In comes a second mineral of importance: coltan. Coltan is used for capacitors that are essential for our cellphones and computers, similar to cobalt. But whereas cobalt is found in Katanga in the southern DRC, coltan is found in the east DRC region right next door to Rwanda. And Rwanda is the key player in the world’s smuggling of coltan out of the DRC, to the benefit of the companies buying it.
Rebranding Congolese coltan as Rwandan coltan avoids the bad publicity associated with it by avoiding “conflict mineral” status and allowing companies to claim their new device does not in fact financially fuel war or instability.
During what can essentially be called a colonial occupation by Rwanda, a UN report claimed that the Rwandan military not only looted resources from the DRC, along with its neighboring allies Uganda and Burundi, but also installed local authorities in the new Congolese government that systemically aided Rwanda and Uganda in extracting Congolese resources. Several African countries rejected this report, among them of course Rwanda, Uganda and Burundi, as well as South Africa and Zimbabwe which were among several countries that provided support to Rwanda during the war. After Rwanda’s new puppet Kabila gained power in the DRC, the nephew of South Africa President Jacob Zuma was granted oil rights for several companies. No doubt a reward for South Africa’s support. This also raised the question, was the South African military in the DRC just for peacekeeping or to help secure the Zuma oil fields? As for Zimbabwe, of course they were also implicated in various dodgy deals in the Congo, something that they are no stranger to with Zimbabwe’s first lady being implicated this year in what should be a gold smuggling scandal in their own country, covered in the documentary “Gold Mafia.” Unfortunately, as things like this is the norm instead of the exception, it doesn’t make large waves on Zimbabwe’s Scandal-meter.

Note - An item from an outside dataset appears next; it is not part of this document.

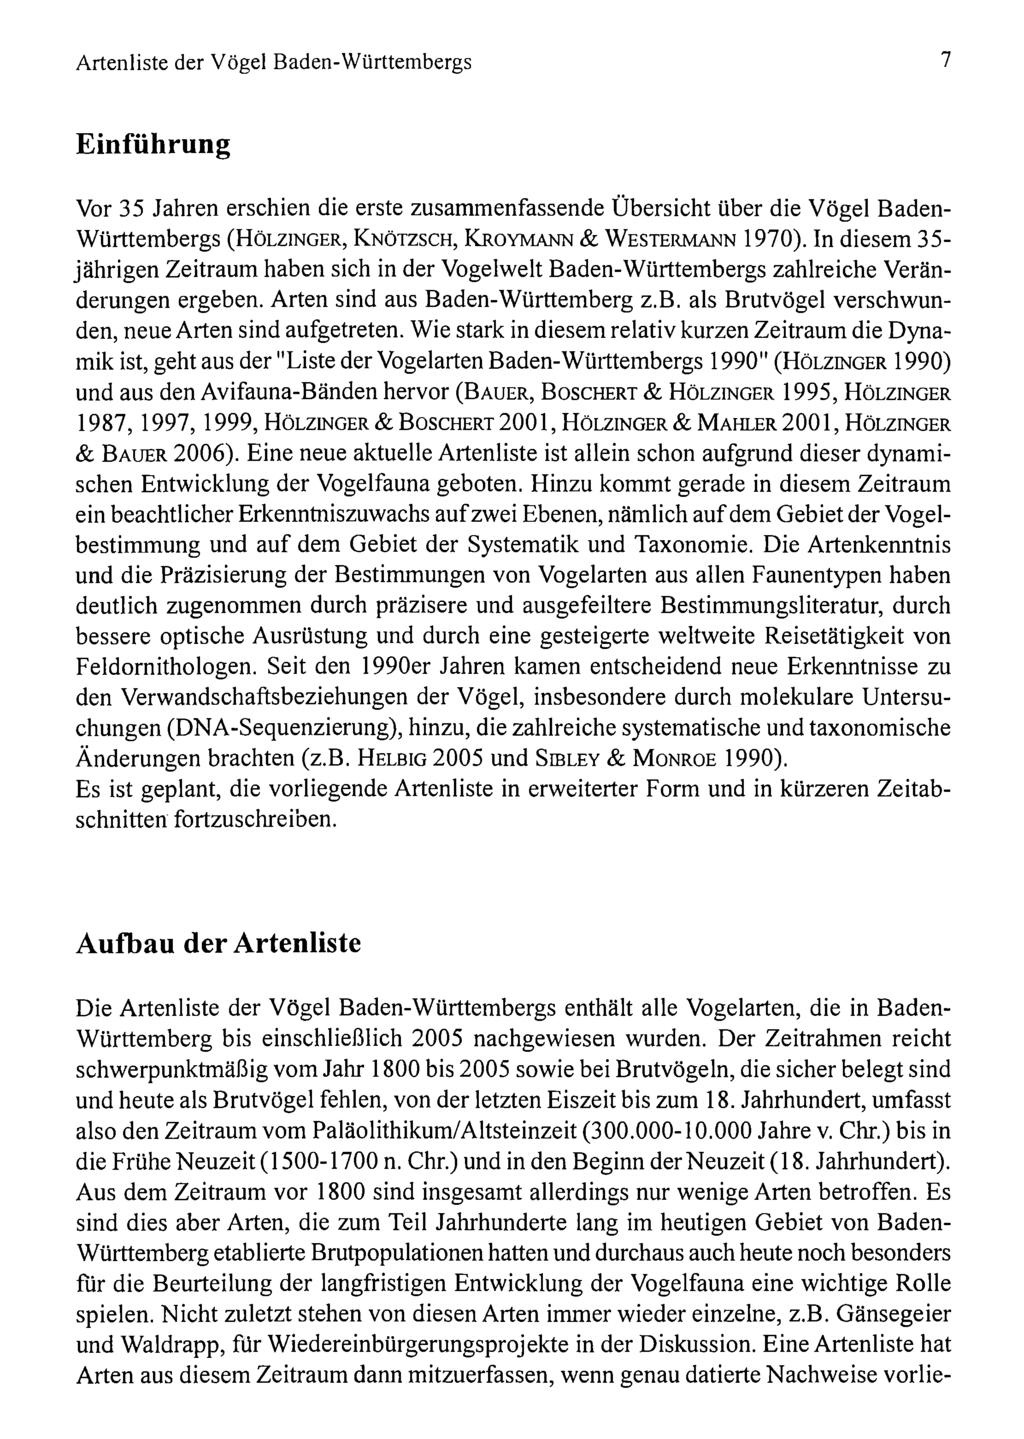 Ornithologische esellschaft Baden-Württemberg, download unter www.biologiezentrum.

Viewed by his own people as a puppet, Kabila was pressured to eventually kick out Rwandan military and government officials to save face. This led to Rwanda’s proxy rebel groups reigniting unrest, giving Rwanda and its allies cause for a second invasion; the Second Congo War.
It can be said that Rwanda has been busy inside east Congo ever since the first Congo War in 1996; with coltan smuggling still an issue.
Even last year, a UN report found Rwanda involved in reigniting conflict yet again in the eastern Congo. Another report that same year by the NGO Global Witness showed that Rwanda’s coltan export rates still exceed what would be possible with its own scarce resources.
With a law declaring that imported minerals only need to be processed to be proclaimed as originating from the country, Rwanda is the kingpin of the coltan black market.
What is happening in the Democratic Republic of Congo is just a small-scale case of what is happening in the rest of Africa. The cobalt and coltan trade is like the world’s open secret tha all the nations of the world silently partake in. All of that for our convenience and a lower price on the next latest gadget. But what can the average consumer do? With 70% of the world’s cobalt coming from the small pocket of the southern Congo, and 80% of the world’s coltan coming from the small pocket of the eastern Congo, there is no way to escape getting our resources from there. Plus, as long as the DRC remains an obscure Third World country, the world will continue trying to find loopholes to lie and extract the resources for the cheapest blood price, no matter what the PR tries to spin.
The two C’s, cobalt and coltan, can be said to be the Vibranium of Africa. But the closest thing to a Wakanda can then be said to be Rwanda. It is a dark twist then that one of Africa’s star childs of development is developing on a third C, the very thing that is Africa’s greatest curse word: colonialism.